What Would Kalshi's Expansion Mean for Traders?
If regulators approve Kalshi's request, the platform would offer retail traders access to perpetual futures on assets traditionally available only through institutional brokers or CME. This could democratize derivatives trading, similar to how Robinhood democratized stock trading. However, it also raises the risks that CME has flagged: retail traders may not fully understand leverage, liquidation mechanics, or the volatility of perpetual futures.
Kalshi's expansion would also reshape the competitive landscape. Currently, Polymarket is Kalshi's main rival in prediction markets. But if Kalshi moves into gold, currencies, and energy, it would compete directly with CME, Nasdaq, Cboe, and Intercontinental Exchange, all of which offer derivatives on these assets. This could fragment the market, with some traders using traditional exchanges and others using crypto-native platforms.
How to Understand Perpetual Futures vs. Event Contracts
- Event Contracts: These are binary bets on a specific outcome. A contract is priced between $0.01 and $0.99 and pays out $1.00 if your prediction is correct or $0 if it's wrong. The price reflects the market's estimate of the probability. Once the event resolves, the contract expires.
- Perpetual Futures: These are never-expiring contracts that track the price of an underlying asset, like gold or a currency pair. Traders can hold them indefinitely, and they're typically leveraged, meaning you can control a larger position with a smaller amount of capital. If the price moves against you, you can be liquidated.
- Risk Profile: Event contracts have capped risk; you can only lose what you invested.

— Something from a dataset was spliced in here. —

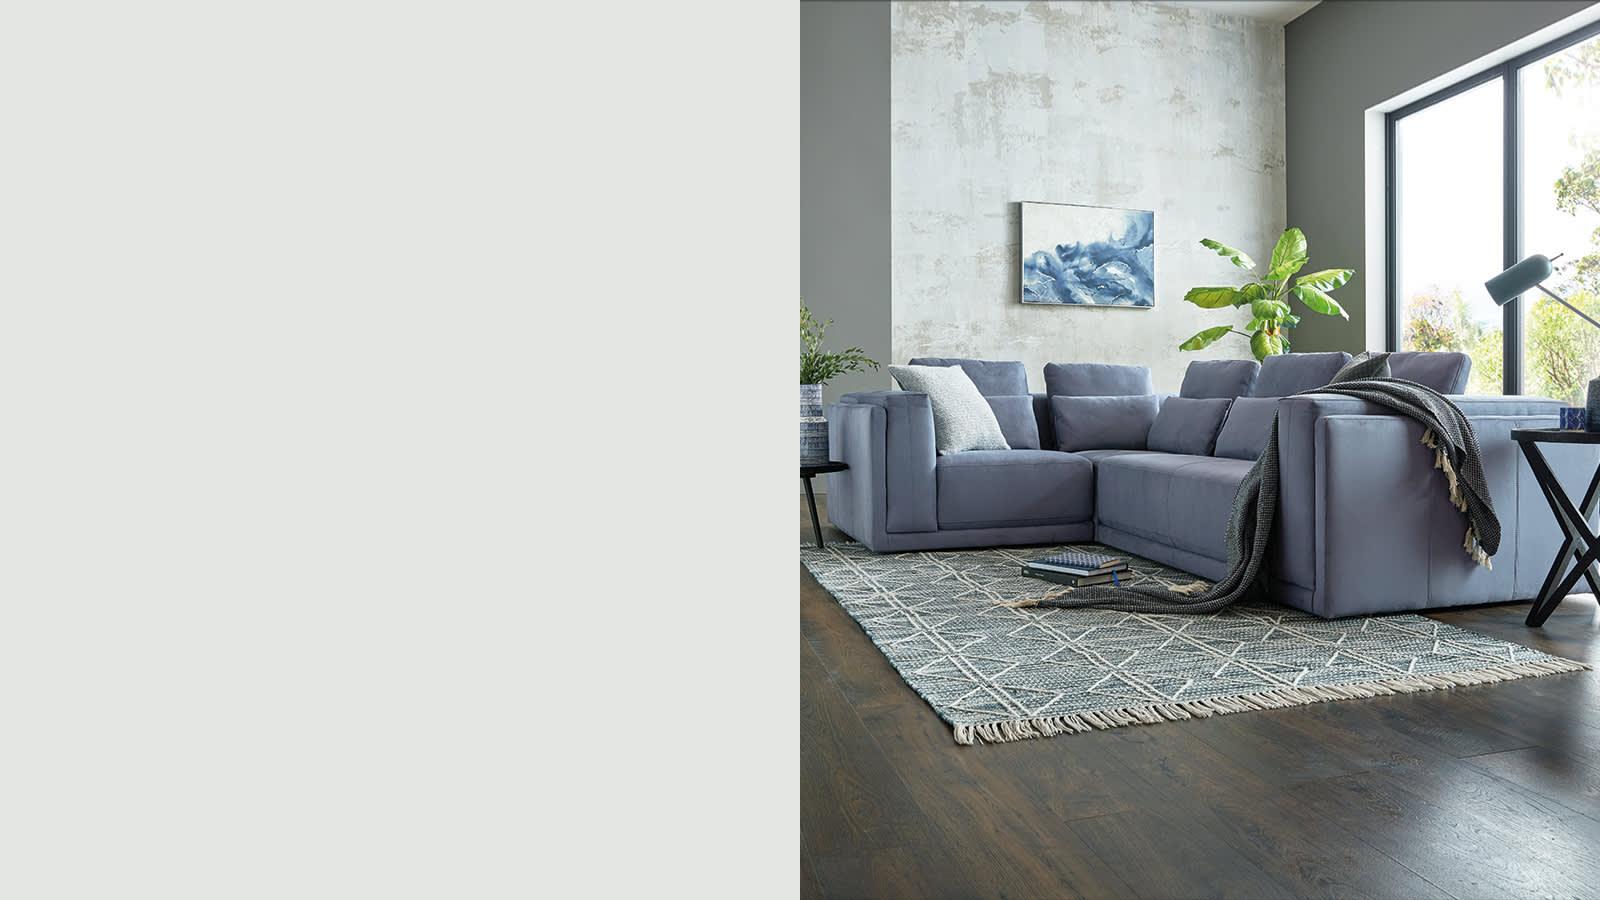 Sofology Odessy sofa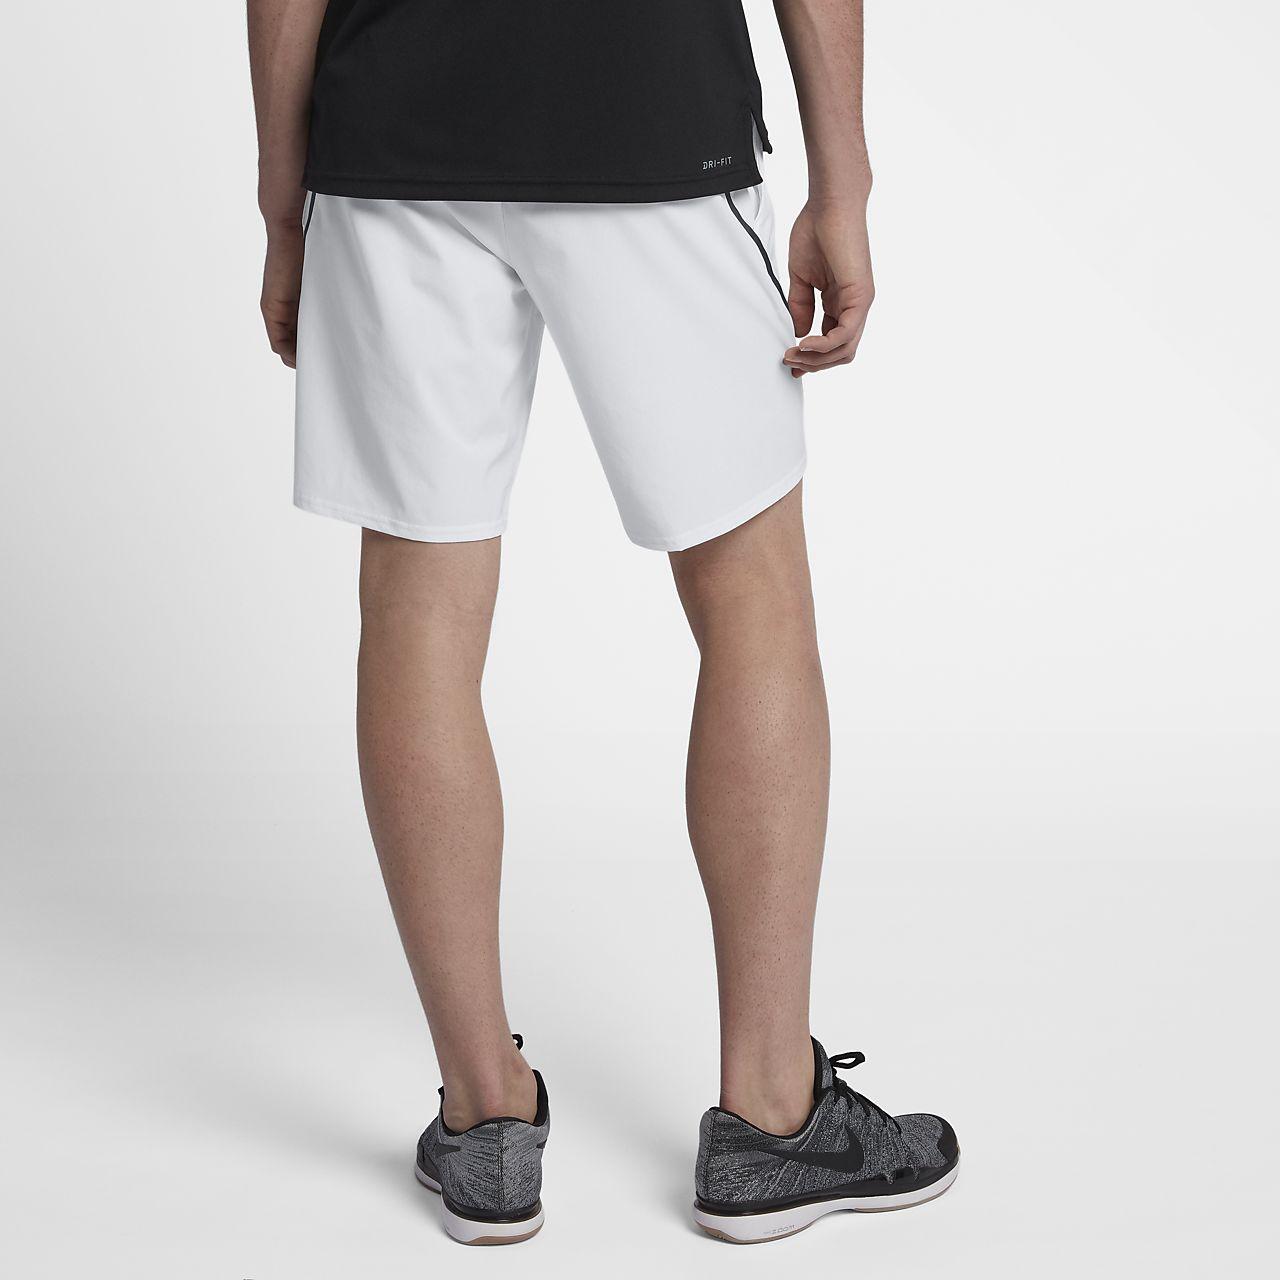 c093da464 NikeCourt Flex Ace Men's Tennis Shorts. Nike.com

Perpetual futures can result in losses exceeding your initial investment if you use leverage and the market moves sharply against you.
Kalshi's current business model relies on event contracts, which generated over $1.5 billion in annualized revenue as of May 2026. The company's latest valuation reached $22 billion in its Series F funding round in May 2026, compared to Polymarket's roughly $8 billion valuation after Intercontinental Exchange's $2 billion investment in March 2026. Expanding into perpetuals could unlock new revenue streams, but it also exposes Kalshi to regulatory and competitive risks.
The outcome of Kalshi's regulatory request will signal whether the CFTC is willing to let crypto-native platforms compete directly with traditional derivatives exchanges. If approved, it could accelerate the shift toward decentralized and fintech-driven financial infrastructure. If rejected, it would reinforce the regulatory moat that protects CME and other traditional exchanges from crypto competition.